Watch: Record-breaking Gurkha veteran prepares for Everest attempt.

A former British Army Gurkha who is trying to become the first double above-knee amputee to climb Mount Everest has helped design a key piece of kit to make his attempt easier.

Hari Budha Magar will climb with prosthetics, but the exertion and altitude mean any sweat which forms on his stumps could freeze, causing pain and injuries.

Hari, who served with the Royal Gurkha Rifles for 15 years, has been showing Forces News the specially-designed self-heating prosthetics he has helped to make.

"Nothing was designed for us [double-amputees], so we have designed them now ourselves," he said.

"This is still not perfect, we need to make it much better, but I think at least I have got something to climb [with]," he added.

Hari spent 15 years in the Army, but was injured during a tour to Afghanistan in 2010.

An IED blast whilst he was on a foot patrol meant he lost both legs above the knee.

Watch: Double amputee Gurkha veteran aims to set Mount Everest first.

But Hari has not let the injuries hold him back - he has already conquered four mountain summits of more than 4,800 metres and his sights are now set on Everest.

The adventurer was due to attempt climbing Everest in April 2018 but was stopped by the Nepalese tourism ministry, which brought in restrictions prohibiting blind people and double-amputees from climbing the world's highest mountain.

In April last year, after a year of training, he became the first person to reach Everest Base Camp in above-the-knee prosthetics and now he wants to reach the summit.

As well as the self-heating prosthetic legs, Hari will also take special sunglasses to help with the glare and wind on the mountain, a massage gun to help with the extra load on his upper body, extra gloves and massage goggles to help him sleep.

It's all kit he hopes will allow other double-amputees to attempt Everest, but only after he’s finally had a go.

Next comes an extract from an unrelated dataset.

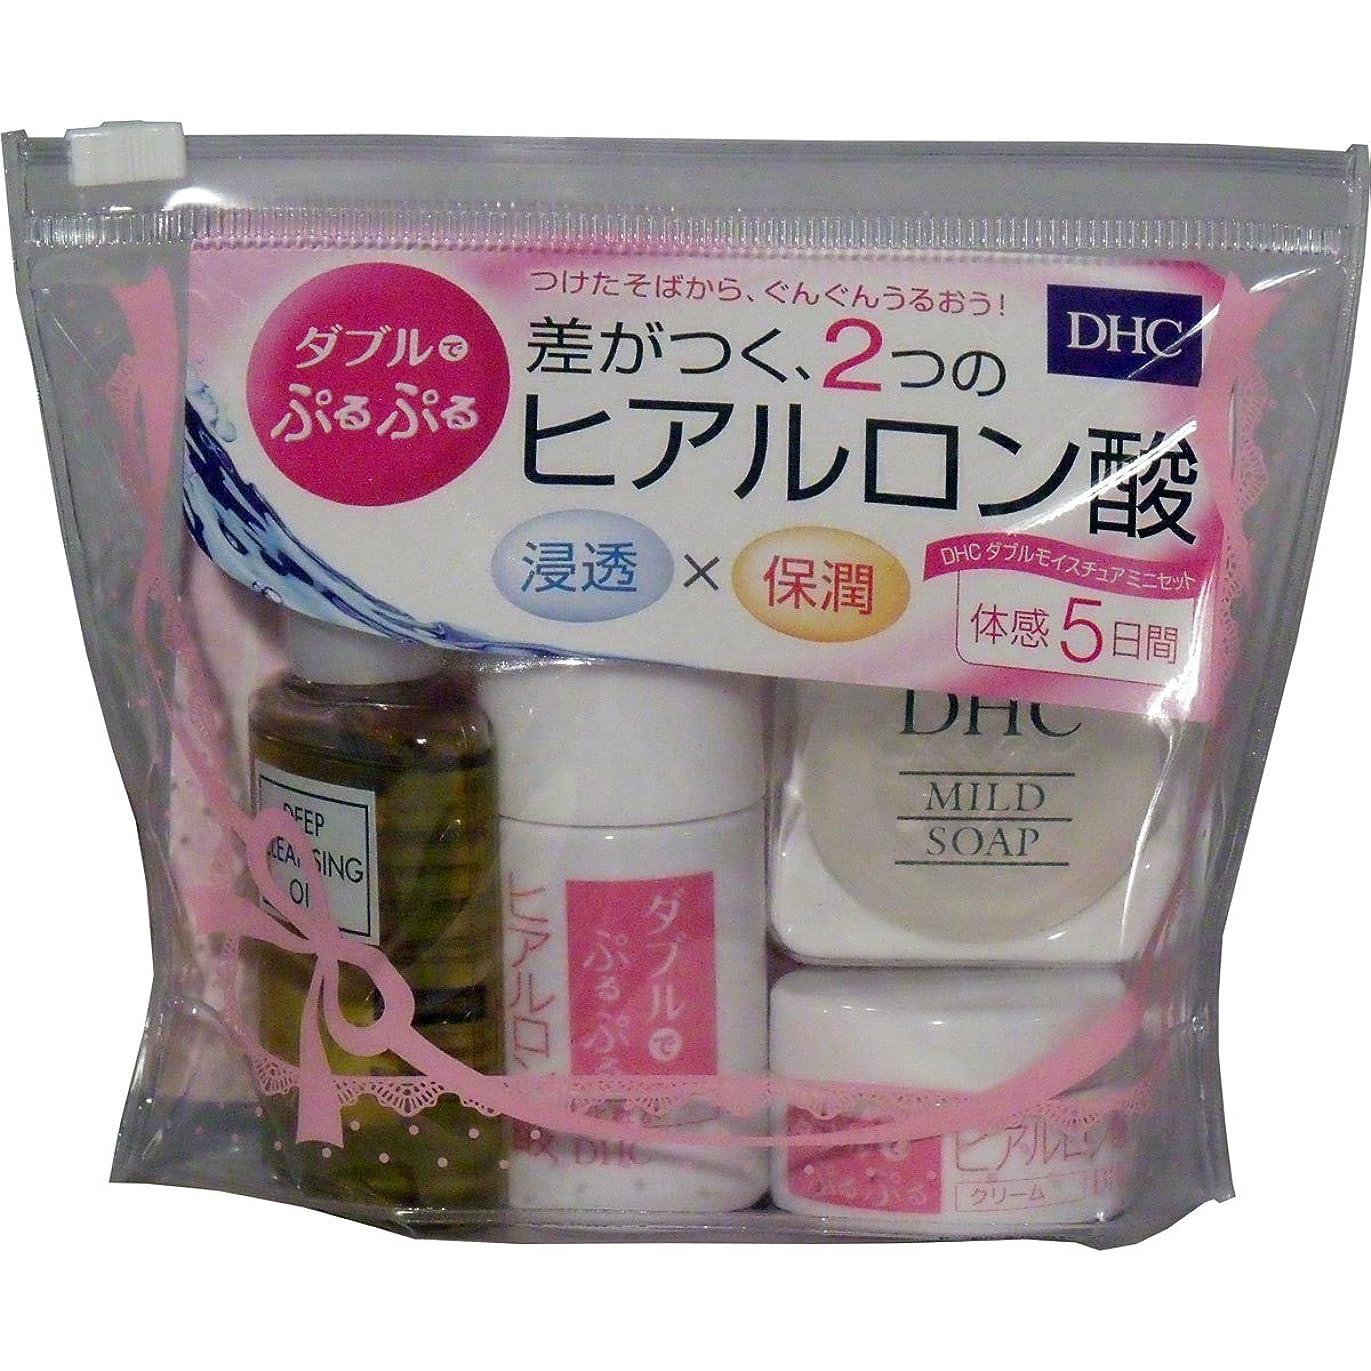 ずるい媒染剤哺乳類DHC ダブルモイスチュア ミニセット【3個セット】

Due to his injuries, Hari is forced to climb on all fours, meaning his face is much closer to the snow than other climbers.

While many in Hari's position might focus on what they don't have, he is focused on what he does – with it even working in his favour at certain points of the climb.

He explained that climbing up ladders and technical climbs – using specialised equipment – are much easier for him due to his lighter weight and lower centre of gravity.

Hari flies to Nepal shortly and weather-permitting, hopes to reach the summit in the next few months.